━━━ Material provided ━━━

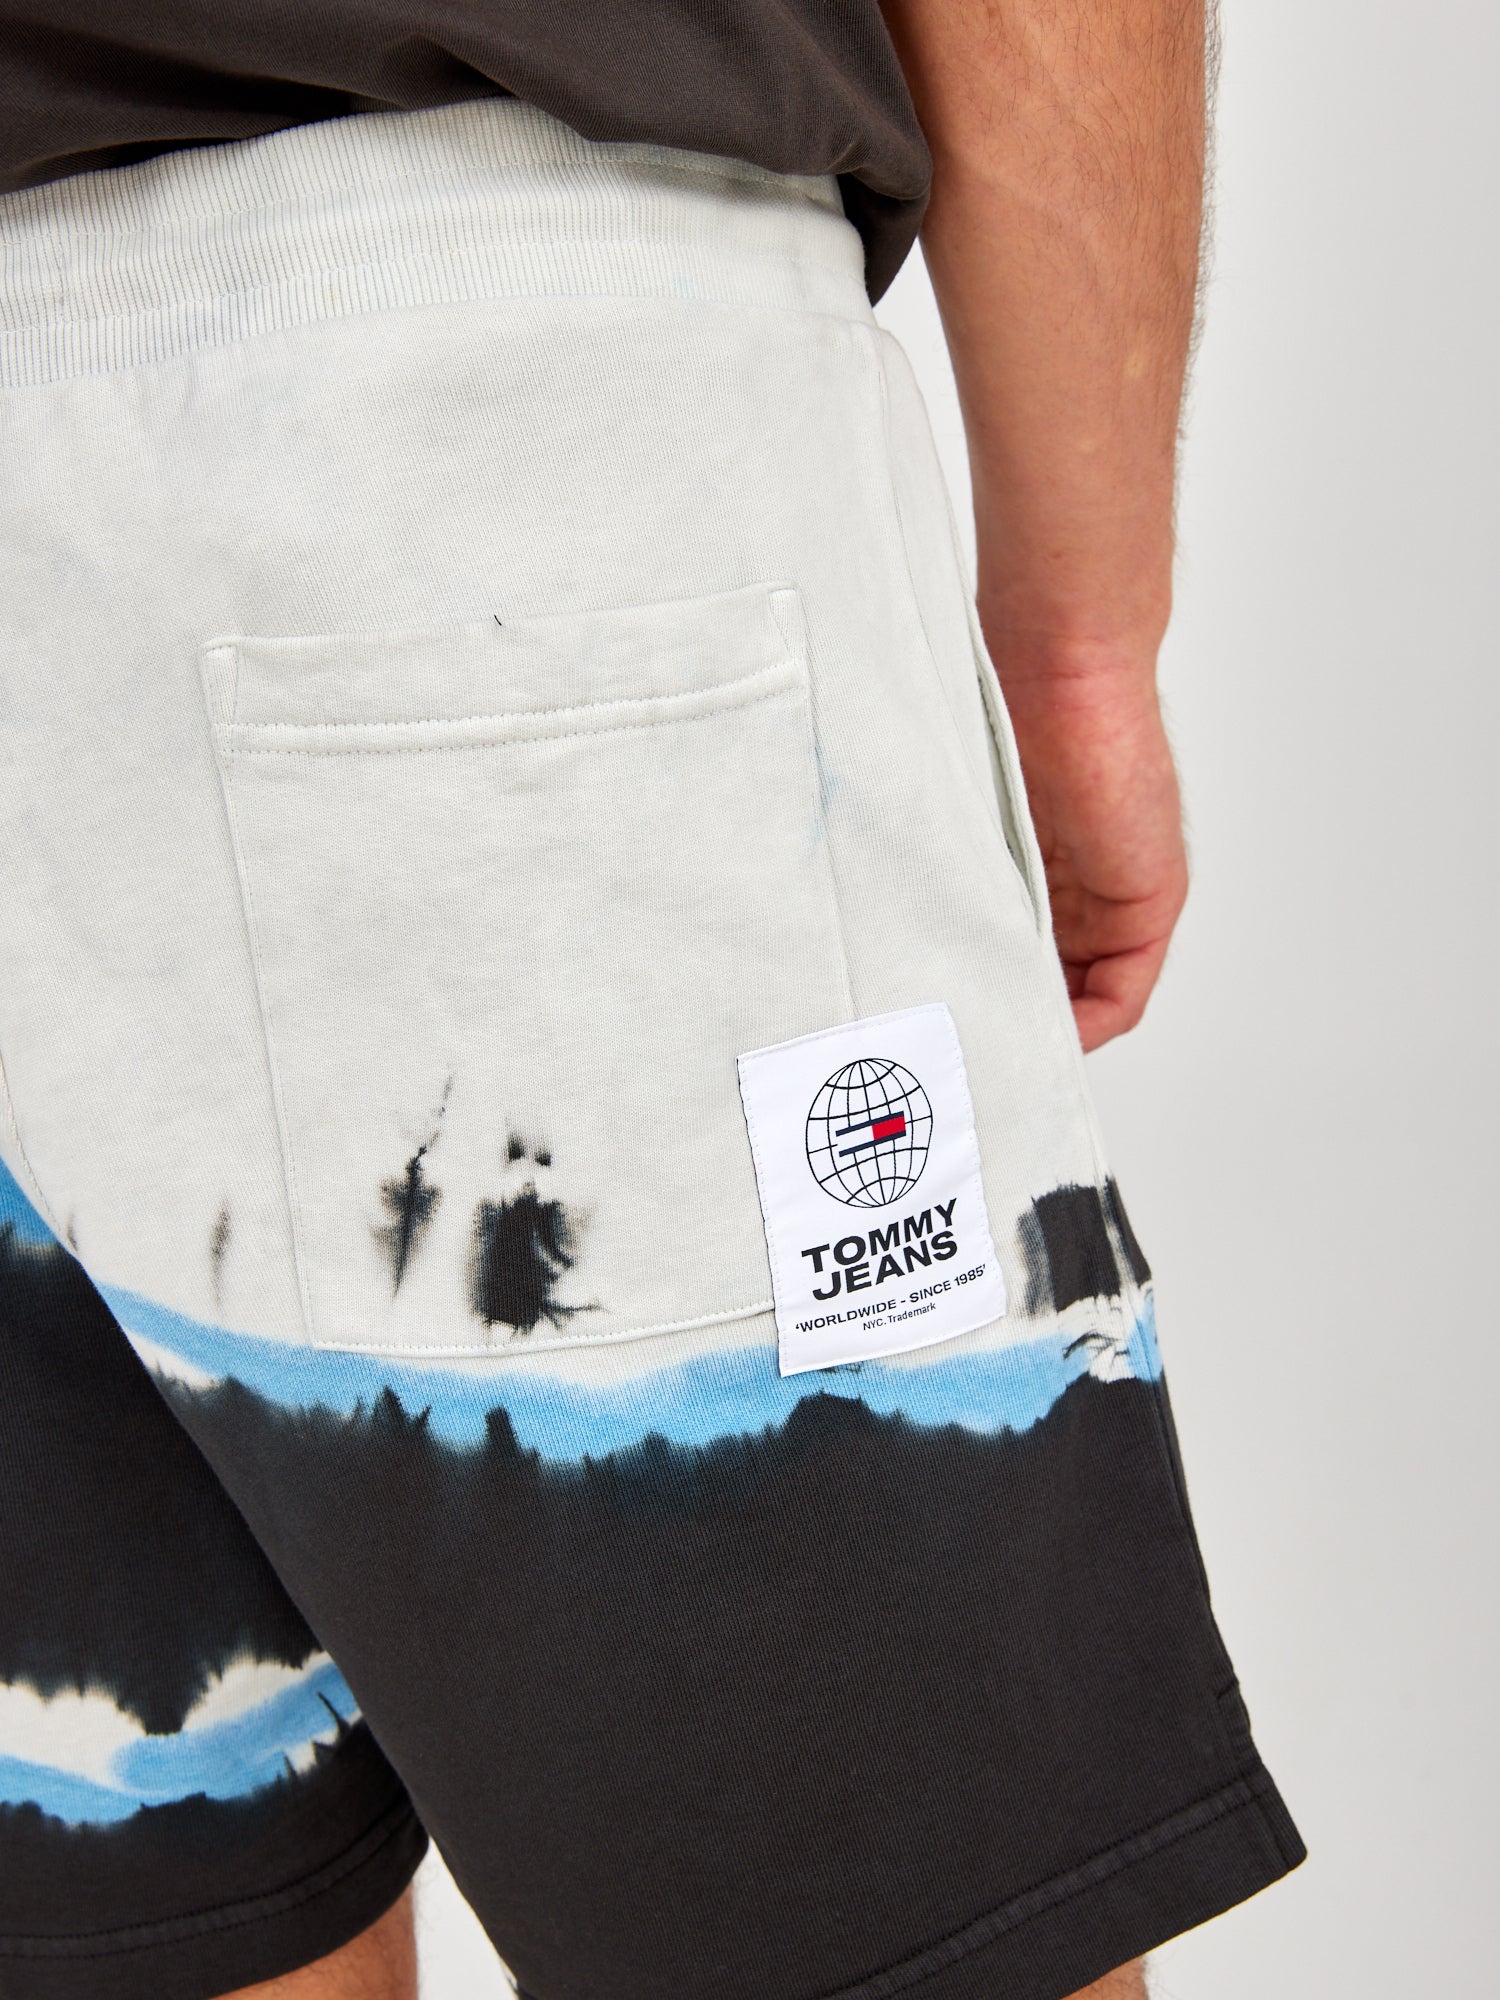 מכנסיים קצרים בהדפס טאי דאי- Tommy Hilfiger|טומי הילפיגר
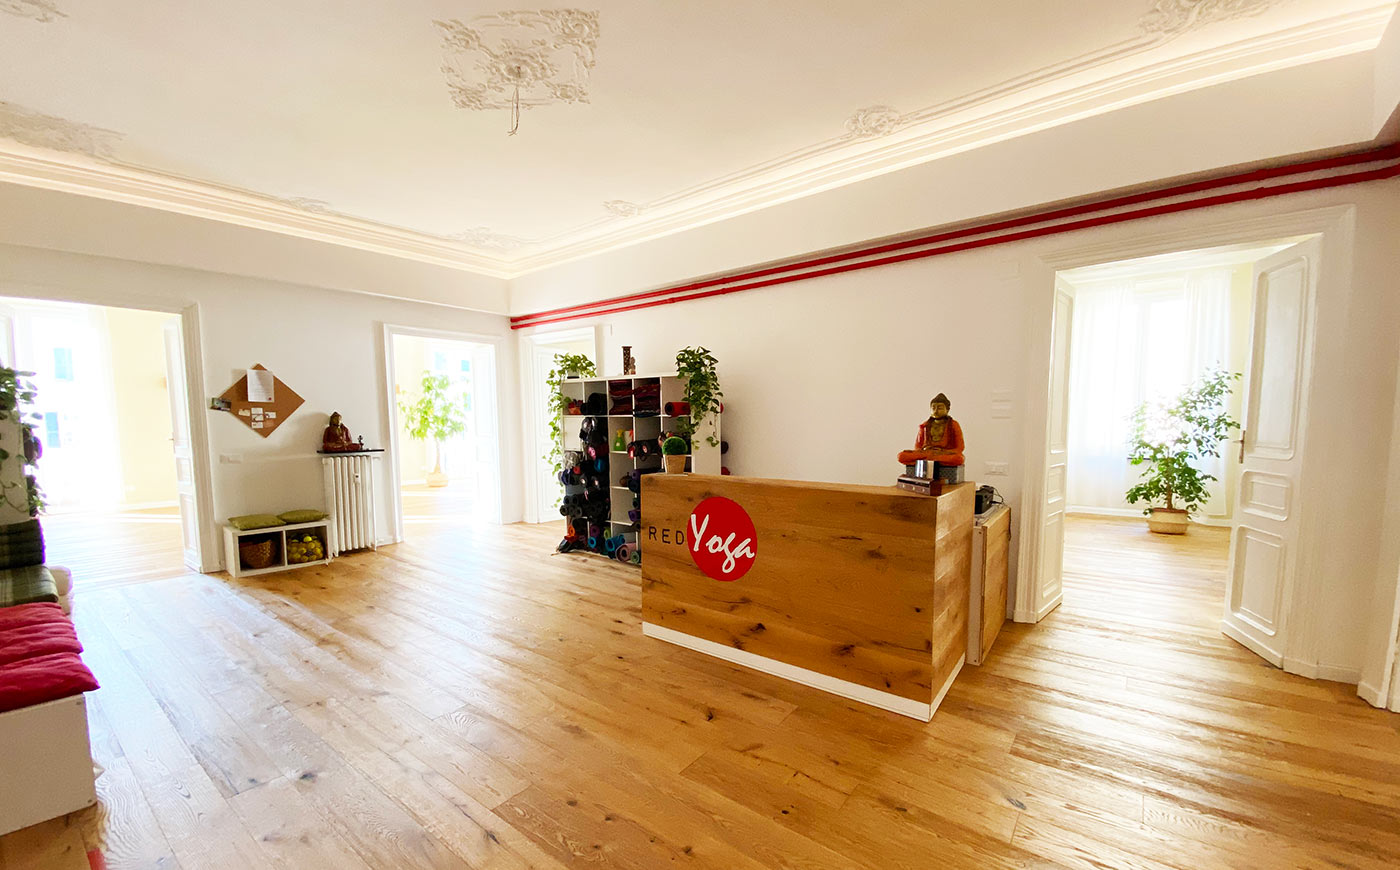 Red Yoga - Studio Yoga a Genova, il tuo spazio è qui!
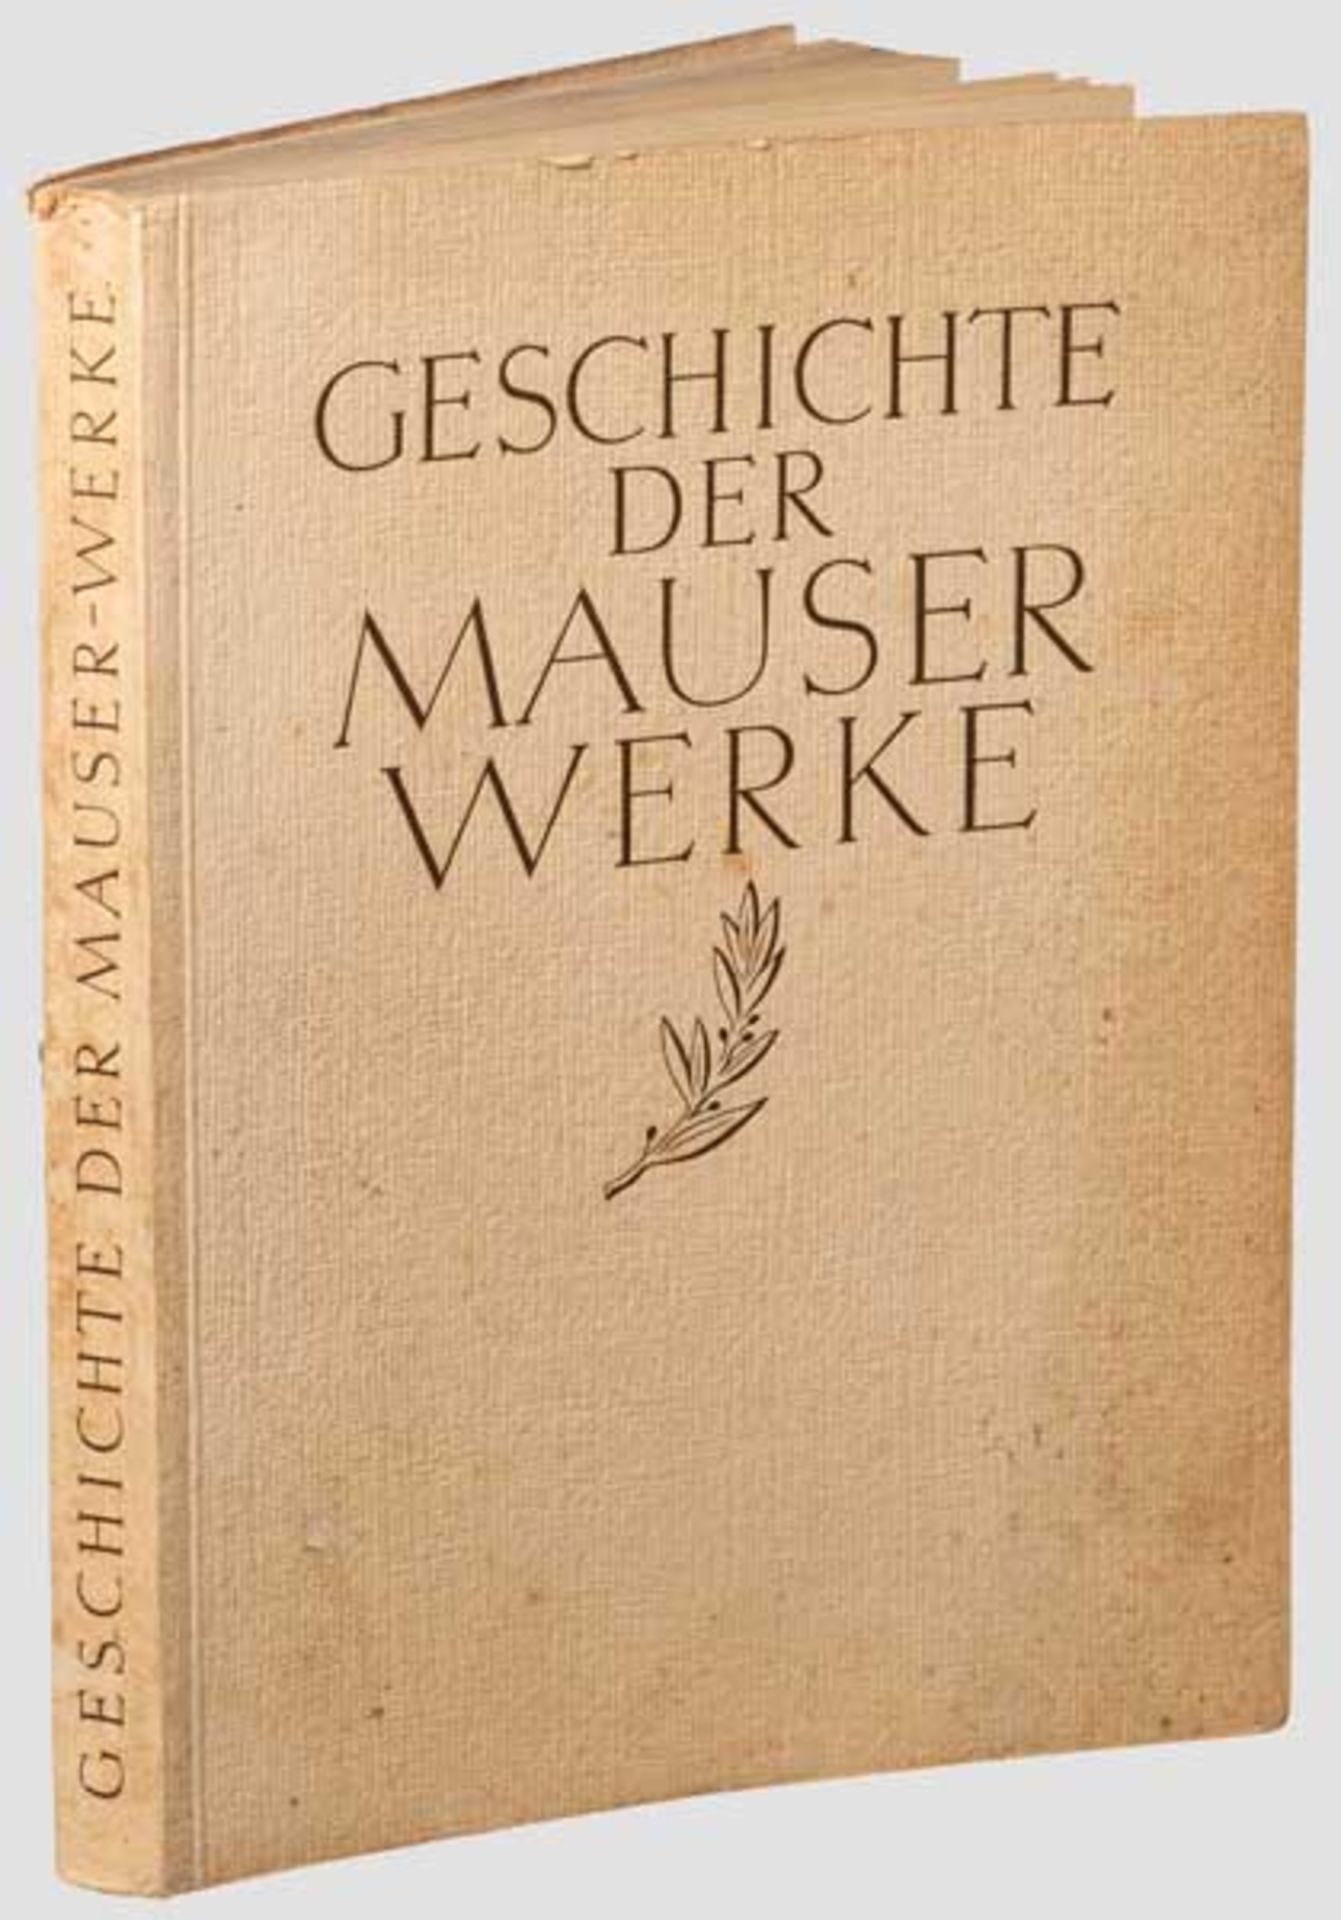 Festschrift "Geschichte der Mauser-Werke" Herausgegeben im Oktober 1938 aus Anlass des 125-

━━━

**Exercise:**
Leave out the pictures, and please output only the lines from the line that contains "Red Yoga - Studio" through the end of the data, both ends included.

**Reply to the task:**
 Red Yoga - Studio Yoga a Genova, il tuo spazio è qui!
 Festschrift "Geschichte der Mauser-Werke" Herausgegeben im Oktober 1938 aus Anlass des 125-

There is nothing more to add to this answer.